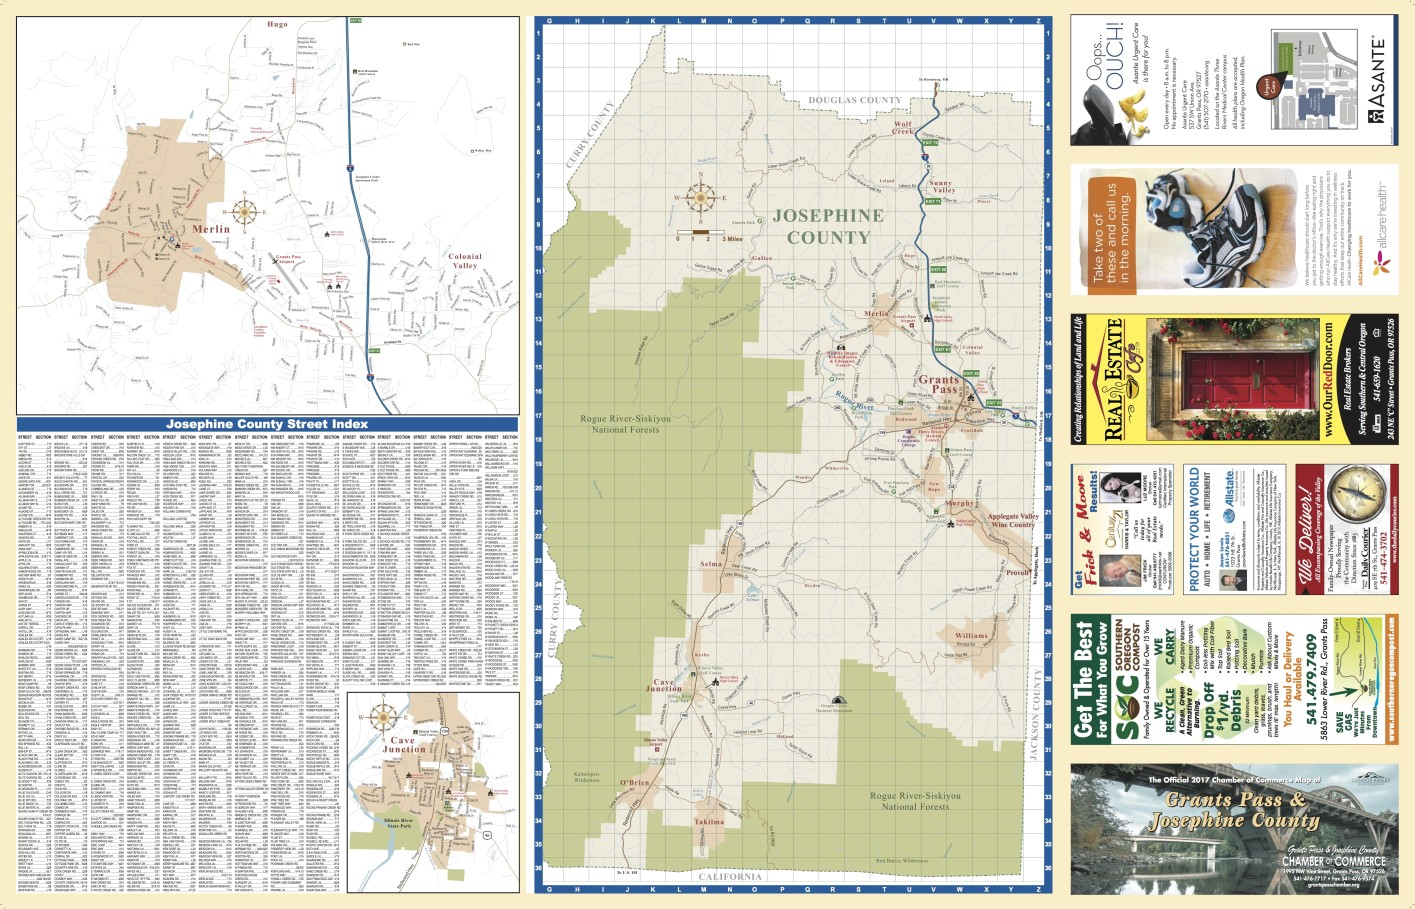 josephinecountymap2.jpg
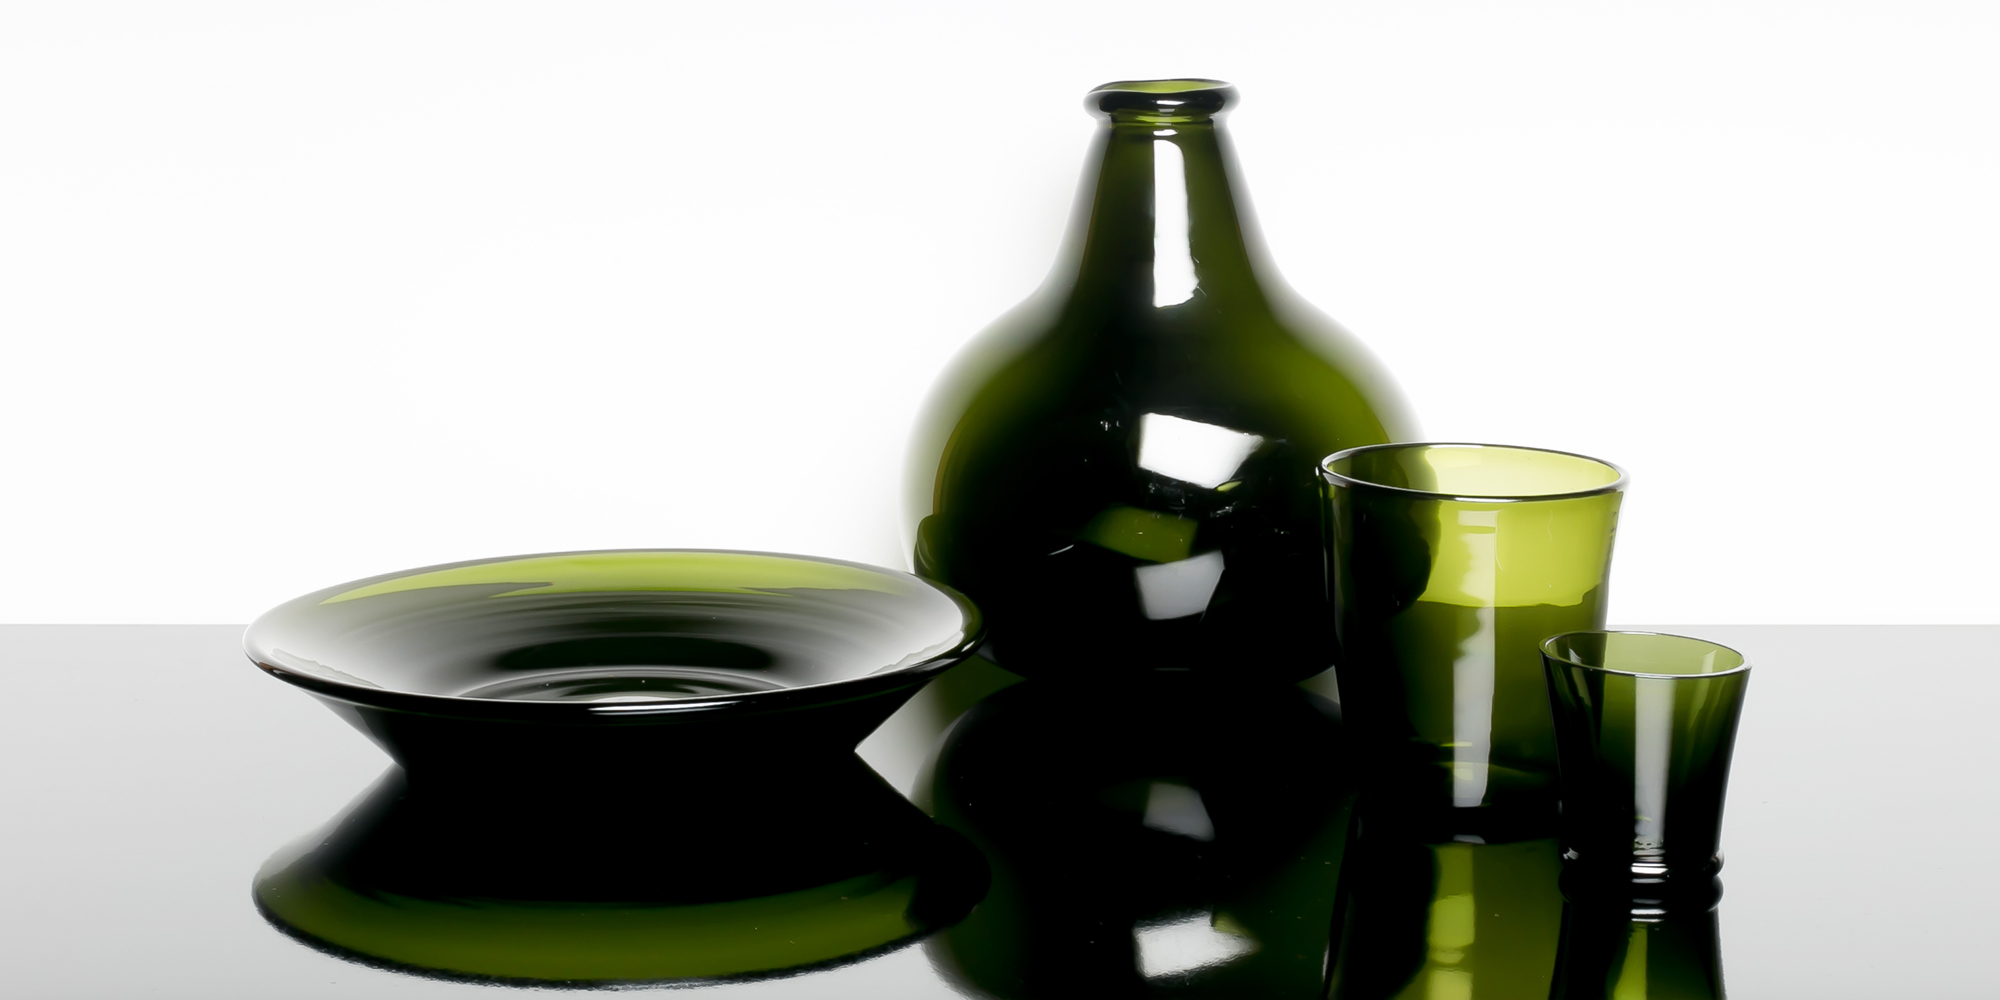 KAJ FRANCK,カイ・フランク,iittala,イッタラ,tupa,waldglas,forest glass,森林ガラス,ガラス工芸,北欧
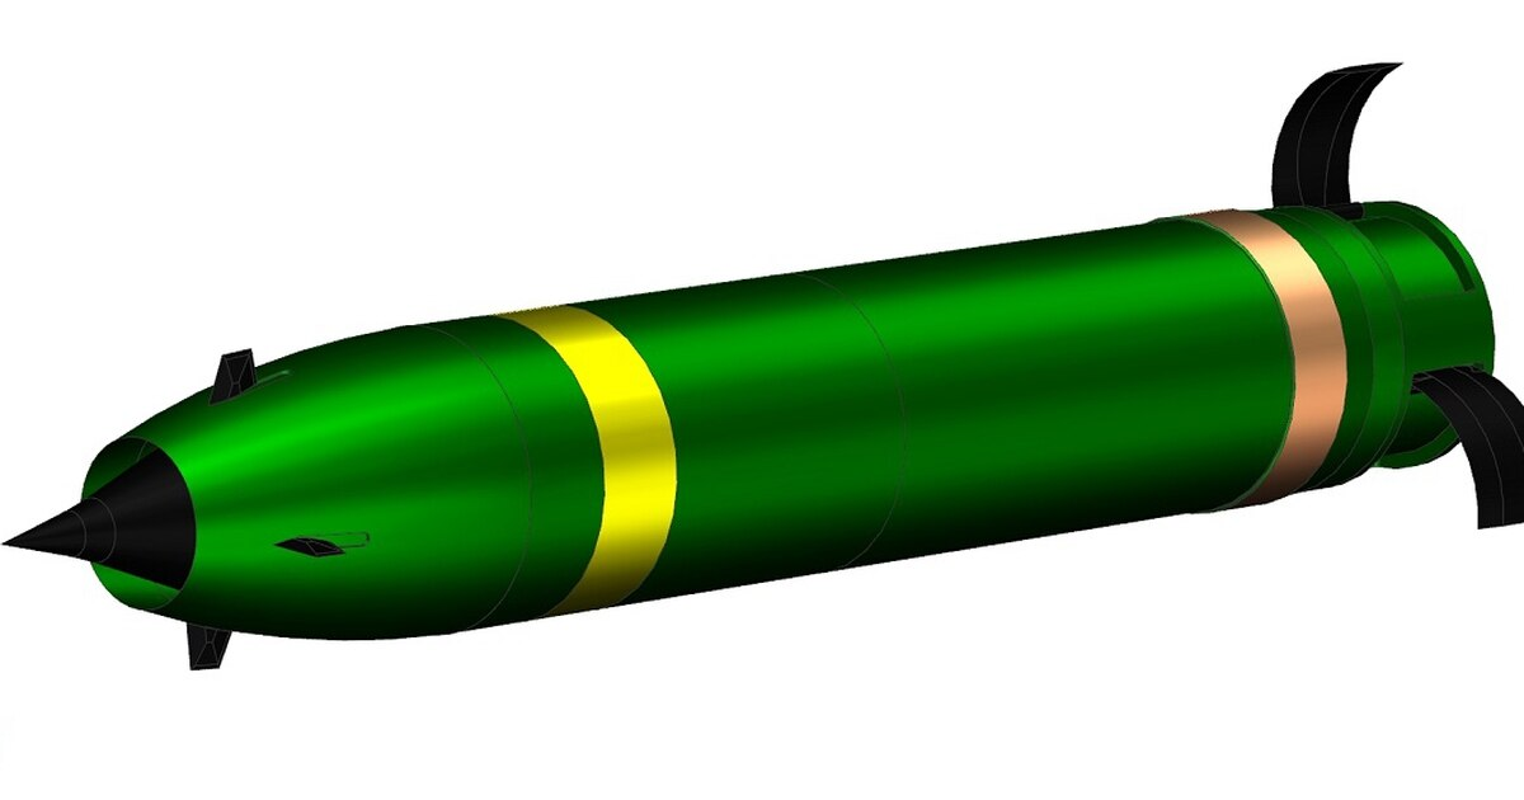 Dan tang tam XM1155 se giup phao 155mm cua My them phan dang so-Hinh-3
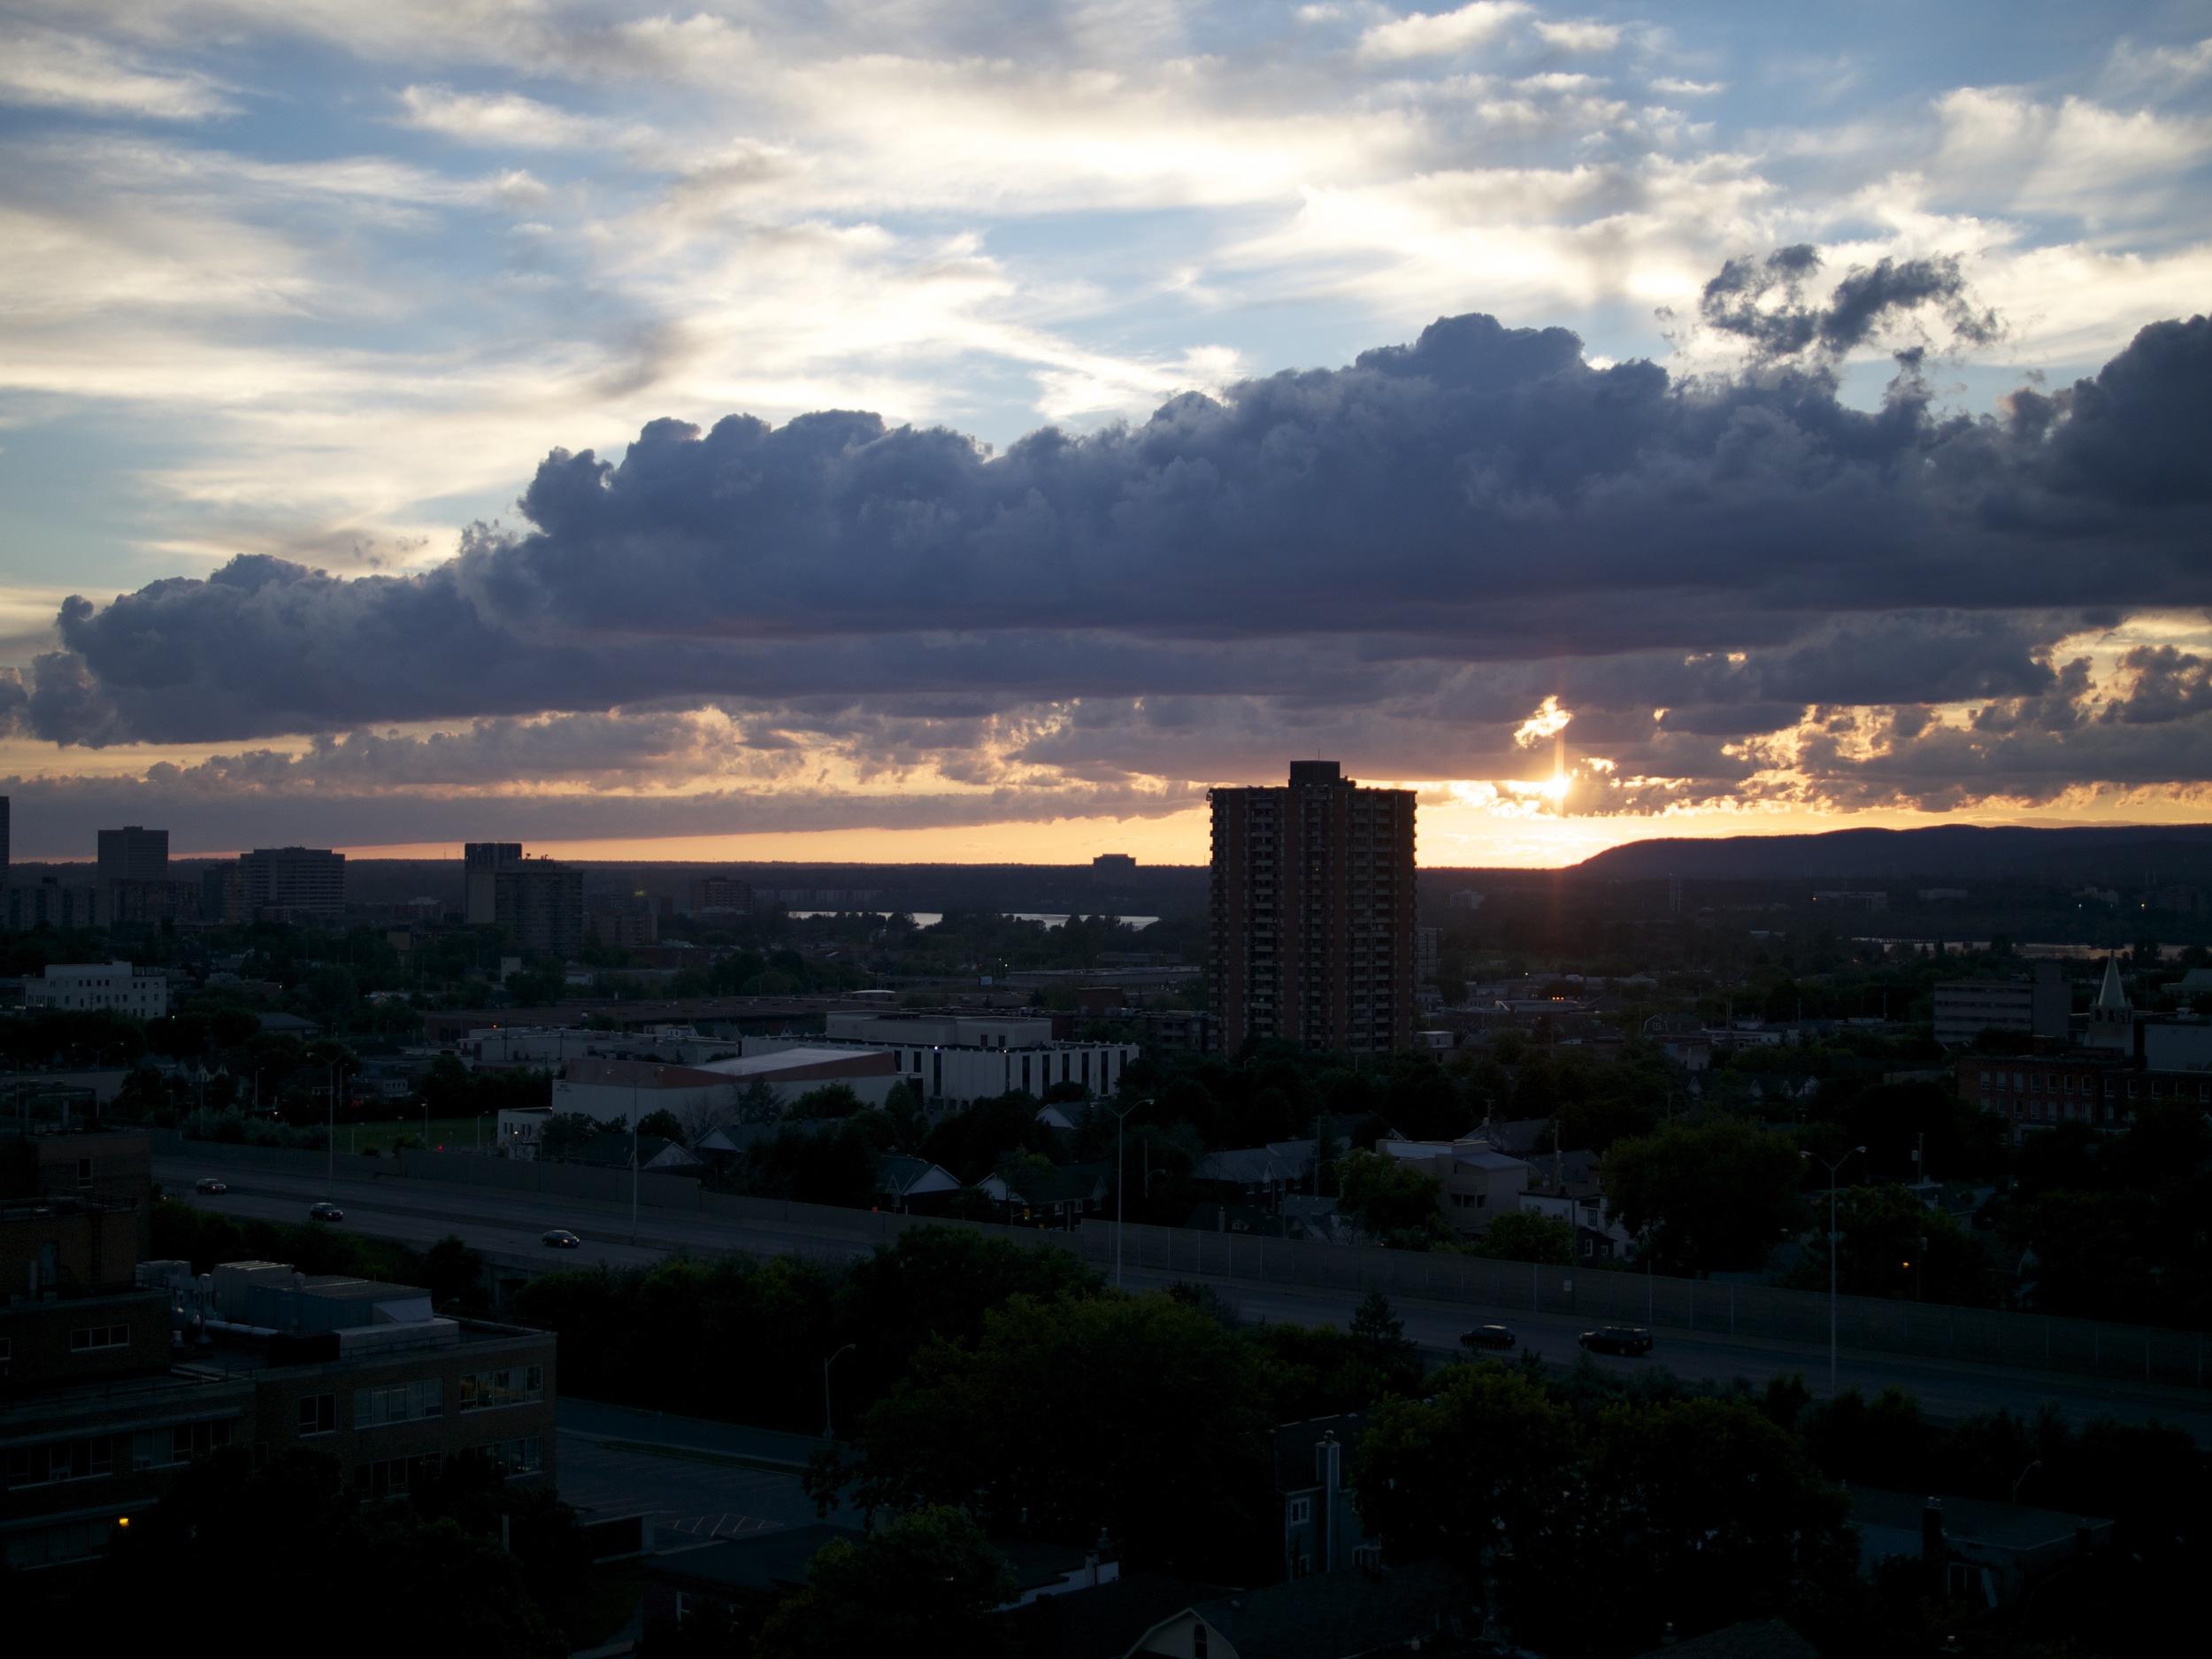 ottawa_sunset.jpg

What is being asked: Make an exact printout of the listing above, omitting the images.

Task solution:
 josephinecountymap2.jpg
 KAJ FRANCK,カイ・フランク,iittala,イッタラ,tupa,waldglas,forest glass,森林ガラス,ガラス工芸,北欧
 Dan tang tam XM1155 se giup phao 155mm cua My them phan dang so-Hinh-3
 ottawa_sunset.jpg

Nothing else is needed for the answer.